TO DO: For the data below, transcribe the part that opens with the line containing "Dans le chemin" and closes with the line containing "报告上集 | 《认文识字·中文字信息精准化》报告「建议收藏」", exactly and with no pictures.

── DATA EXCERPTS ──

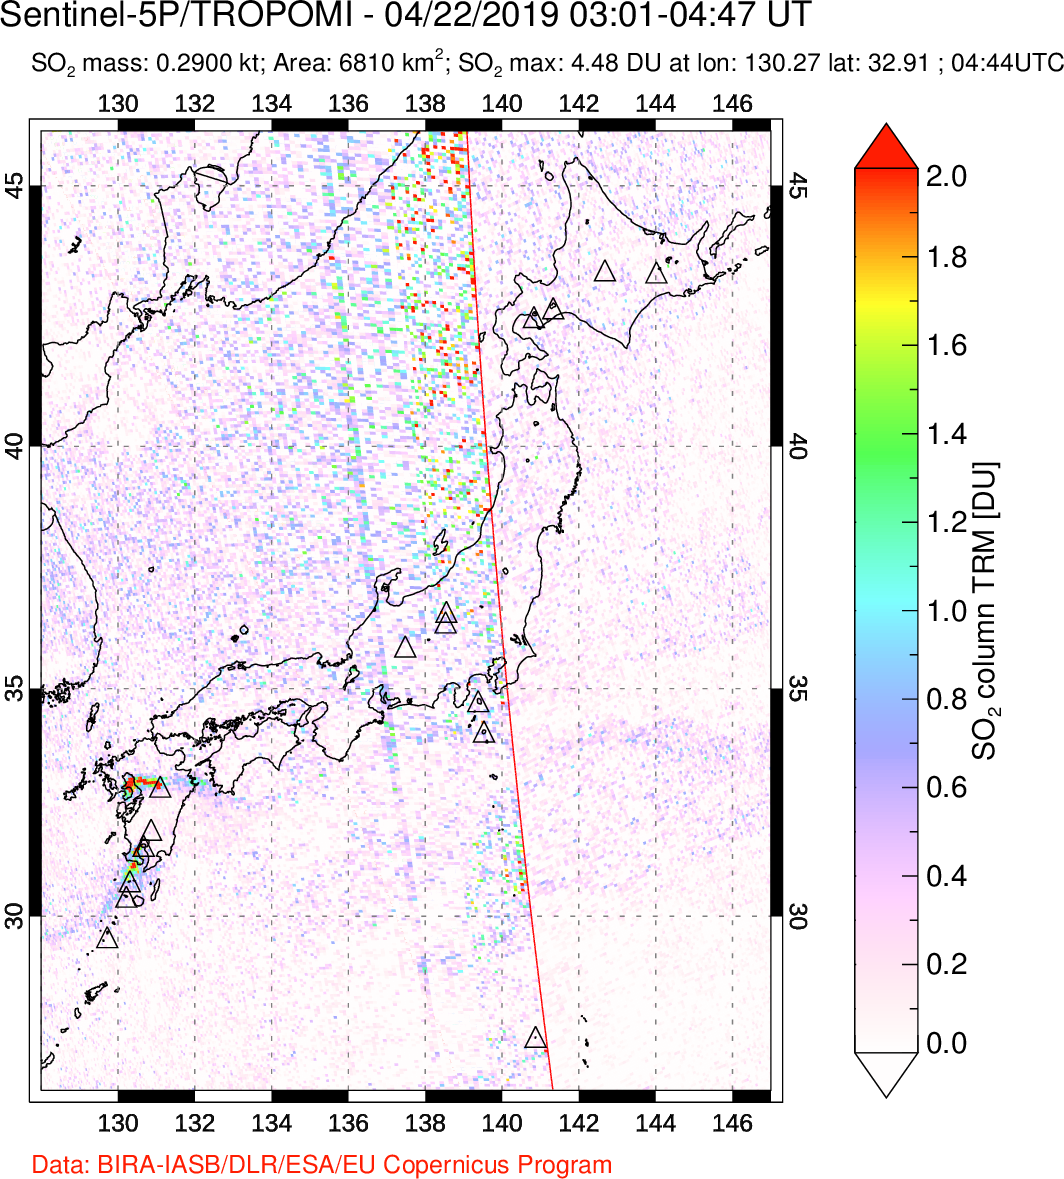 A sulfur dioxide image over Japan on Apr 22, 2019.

───
── DATA EXCERPTS ──

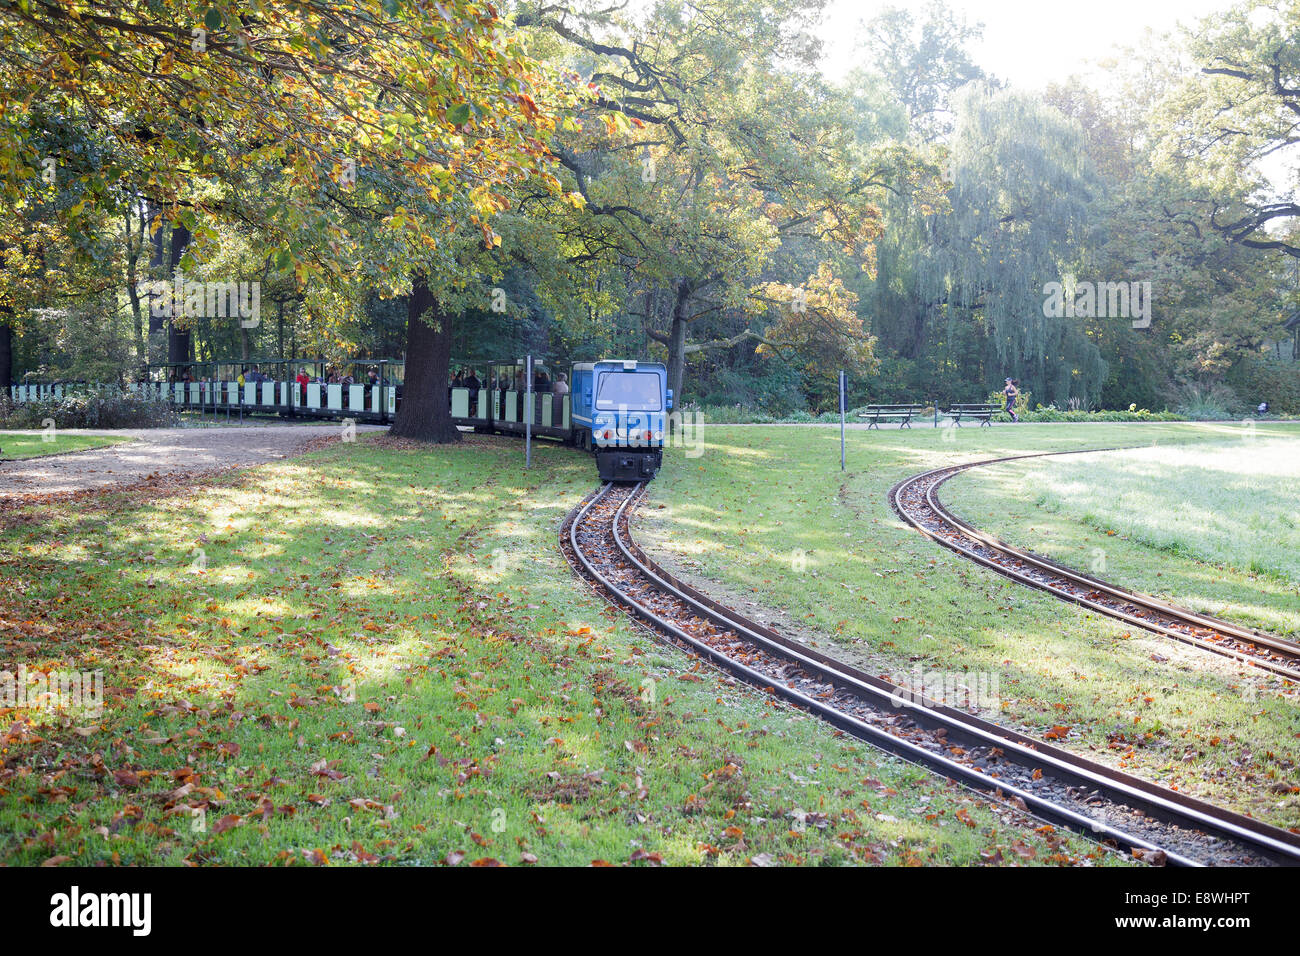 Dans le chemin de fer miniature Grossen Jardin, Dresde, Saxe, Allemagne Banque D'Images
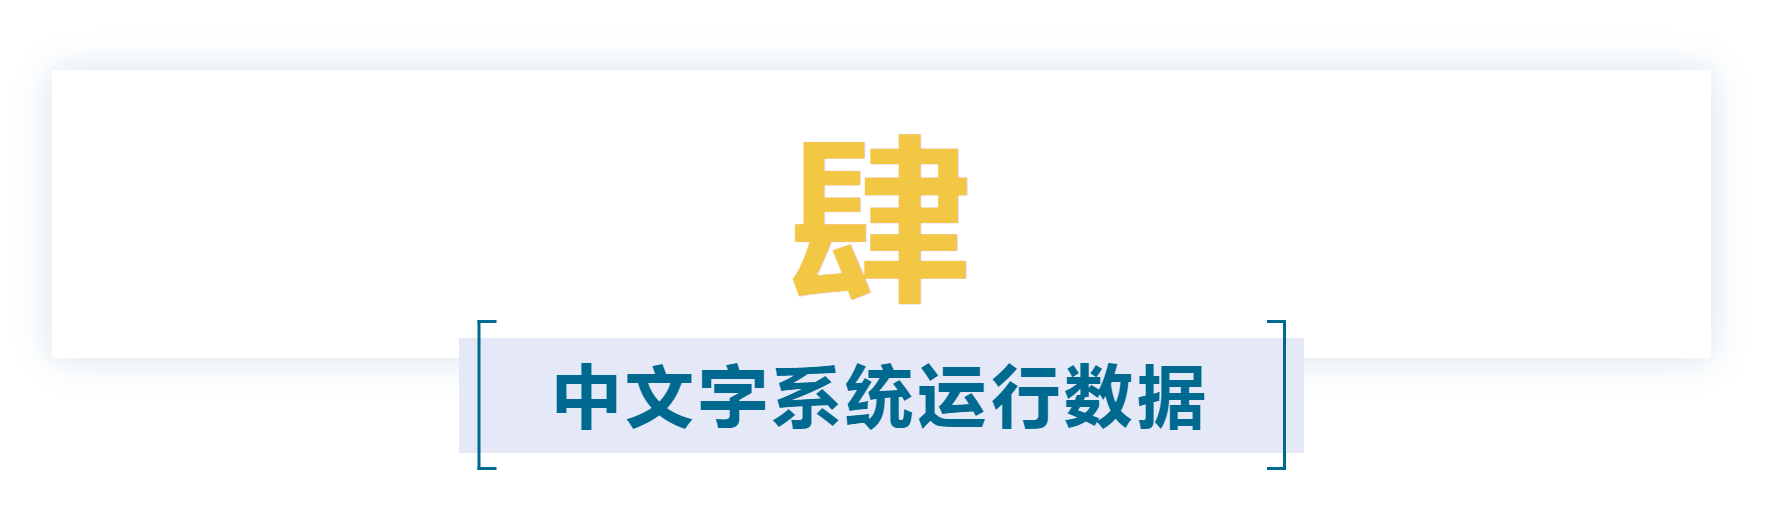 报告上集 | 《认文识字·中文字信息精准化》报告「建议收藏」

───
── DATA EXCERPTS ──

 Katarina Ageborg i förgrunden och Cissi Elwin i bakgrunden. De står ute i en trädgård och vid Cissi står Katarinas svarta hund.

───

ANSWER TO THIS EXERCISE:
 Dans le chemin de fer miniature Grossen Jardin, Dresde, Saxe, Allemagne Banque D'Images
 报告上集 | 《认文识字·中文字信息精准化》报告「建议收藏」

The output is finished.